VIENNA, Jan. 18 (Xinhua) -- The threat posed by Iran's nuclear program had been exaggerated by the West, former International Atomic Energy Agency (IAEA) director-general Mohamed ElBaradei said in a published interview.
The interview was conducted by the Austrian Press Agency (APA) and released Tuesday.
In the exclusive interview, ElBaradei said U.S. intelligence agencies believed Iran had been developing nuclear weapons according to a report issued in 2007; however, Iran in fact had stopped this attempt as early as 2003. "Today, this assessment is still correct," he said.
ElBaradei also said he didn't rule out that Iran did try to develop nuclear weapons in the 1980s, in the circumstances of Iran's war against Iraq and threat of Iraq's chemical weapons attack.
"Every country in this situation would have to think about how to defend itself," he said and added the nuclear program certainly could help Iran become a "major player in the Middle East".

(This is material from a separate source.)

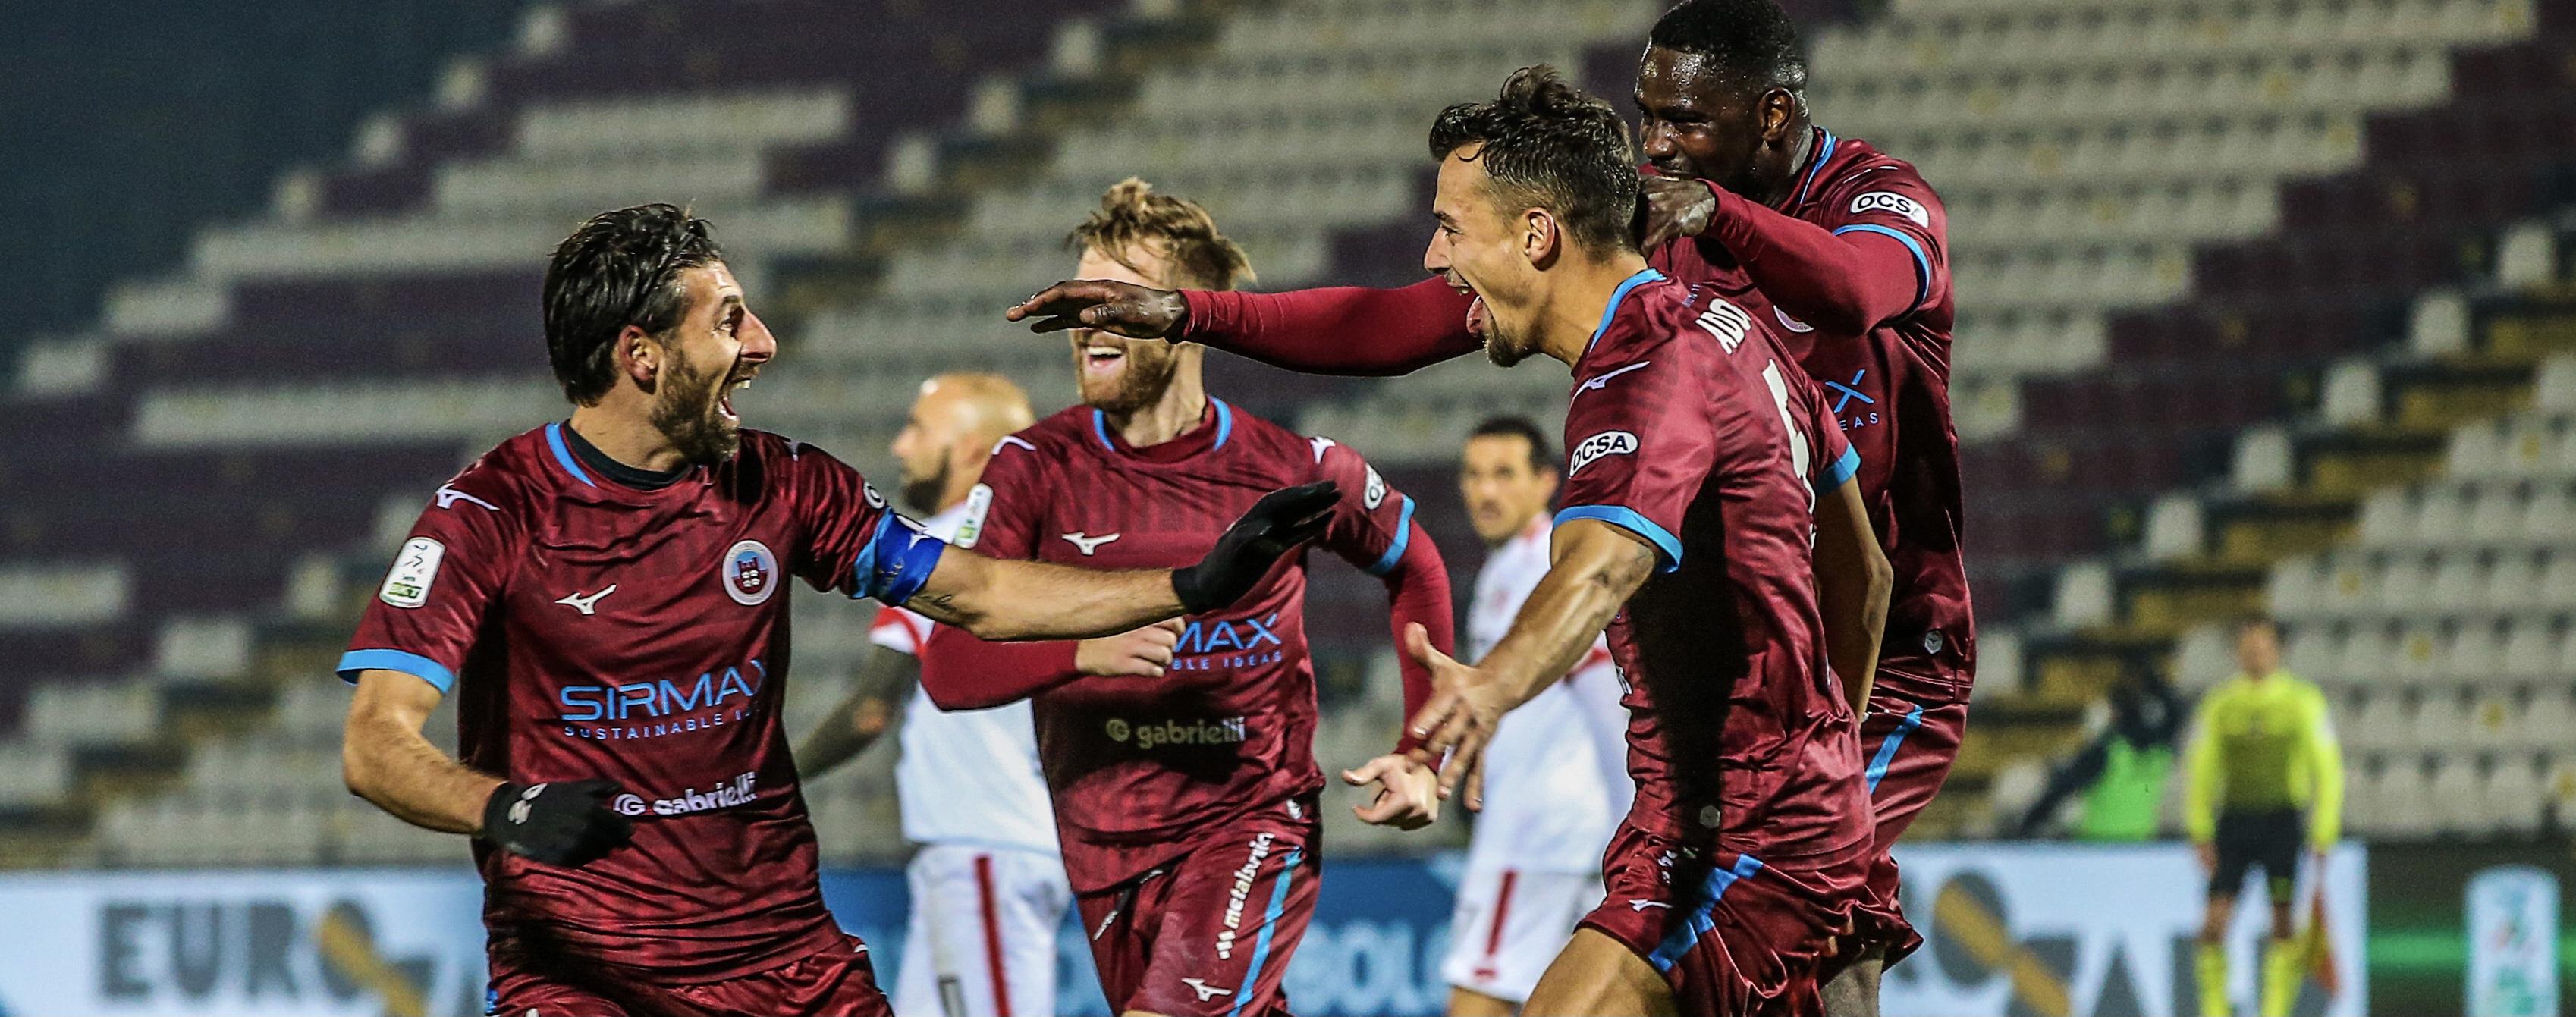 Cittadella – LR Vicenza 3 – 0
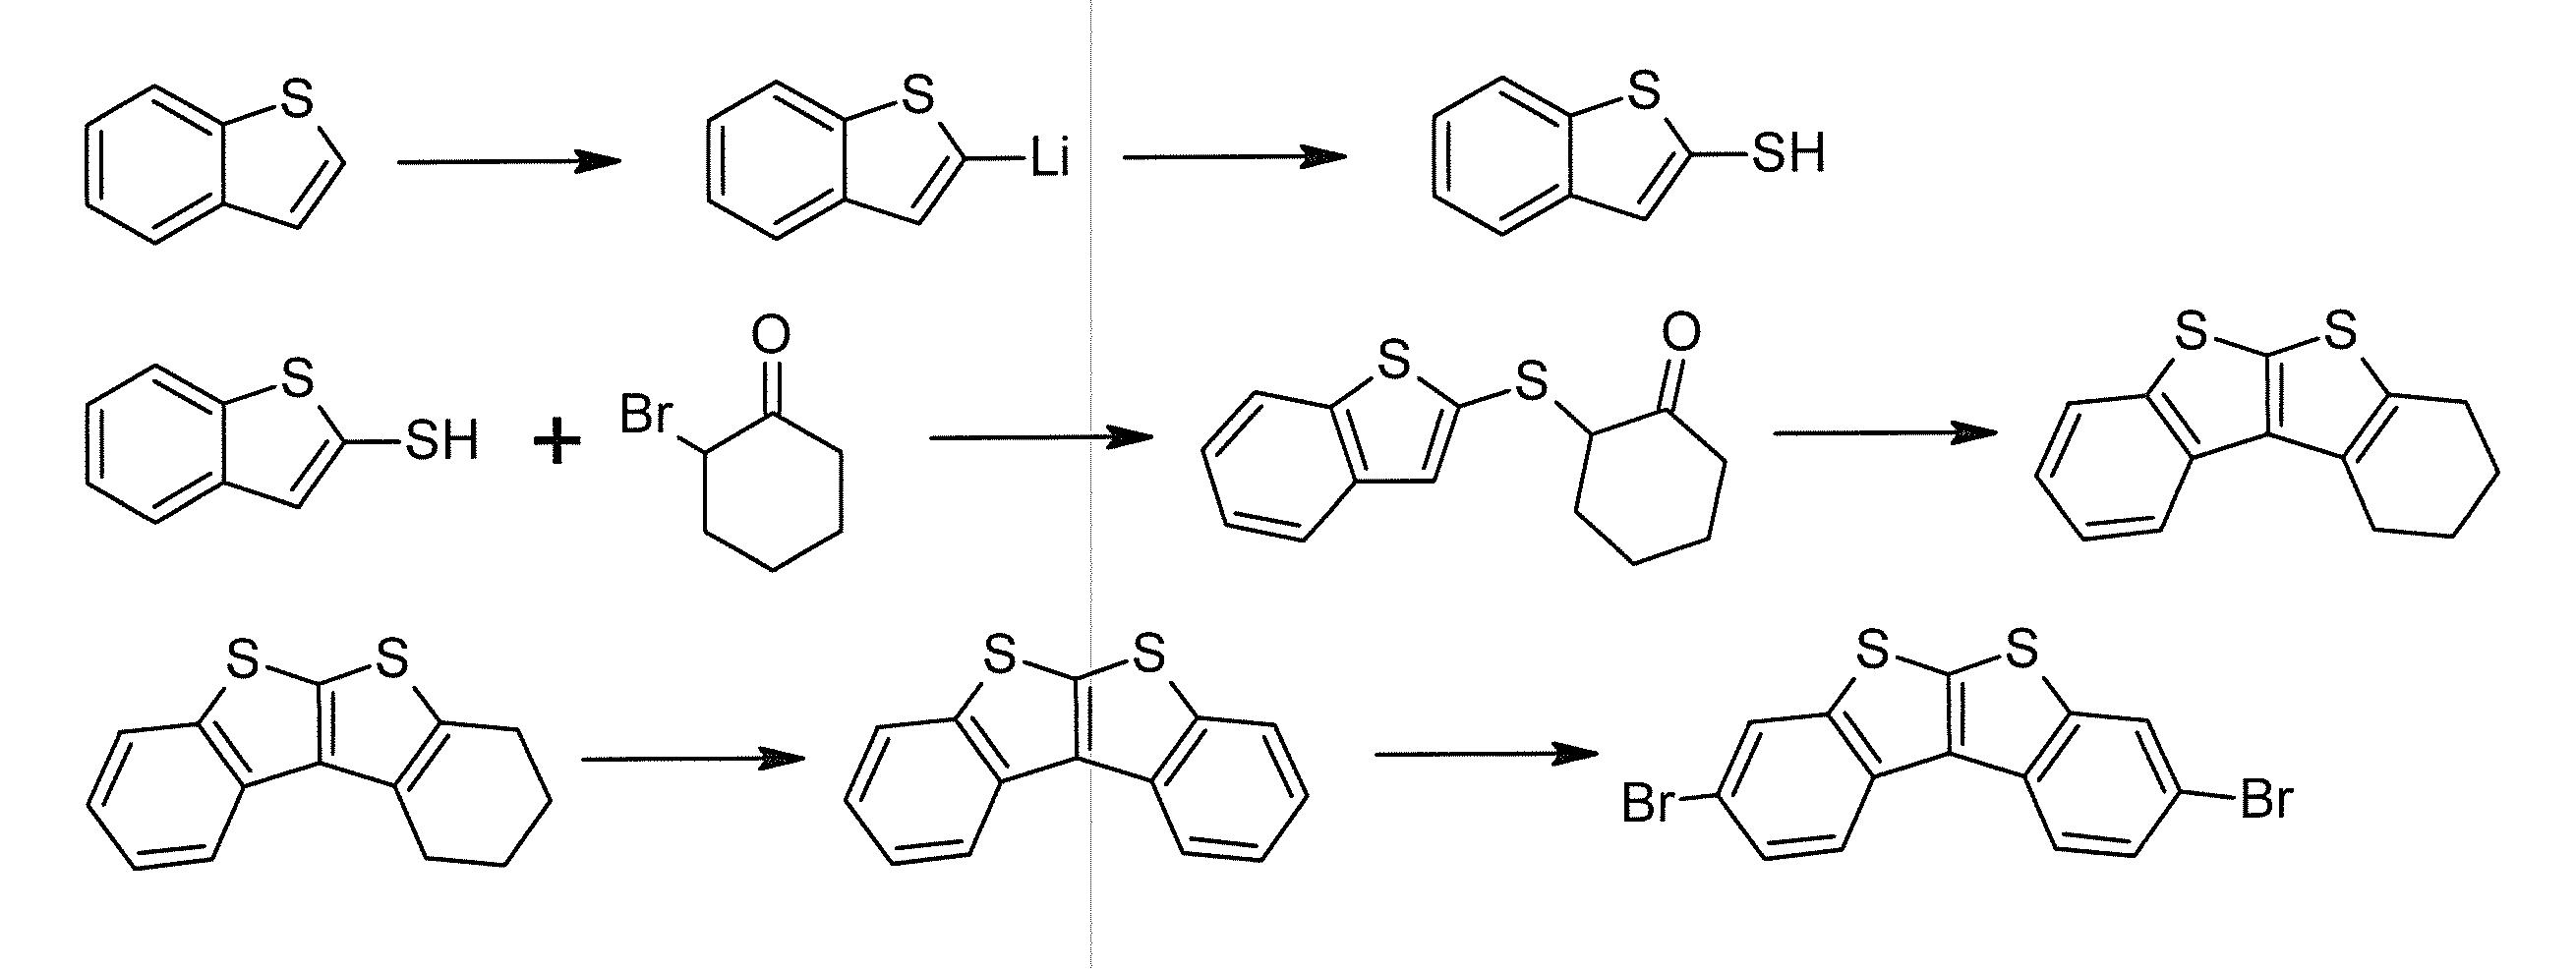 Patent WO2012050001A1 - 含カルコゲン芳香族化合物、有機半導体材料 <b>...</b>

The former U.N. nuclear watchdog chief also said, "In the view of Iran, uranium enrichment was a means to an end." A country which mastered uranium enrichment techniques could "develop nuclear weapons in a relatively short time". Iran believed this sent out "a strong message to the rest of the world and to the neighbors".
ElBaradei also accused the West of having thwarted an agreement with Iran in recent years by "unrealistic demands". Furthermore, "some practices are unbearable for any country".
To this end, he hoped to see that U.S. President Barack Obama could contribute to a smooth solution for the Iran issue during his term in office and pointed out one of the important points was to ease mutual suspicion between the U.S. and Iran.
Iran was one of the most important countries in the Middle East, which could become "a key to the stability in the Middle East. Without Iran's participation, it is also hard to solve the Afghanistan issue and the Syria-Lebanon complex", ElBaradei said.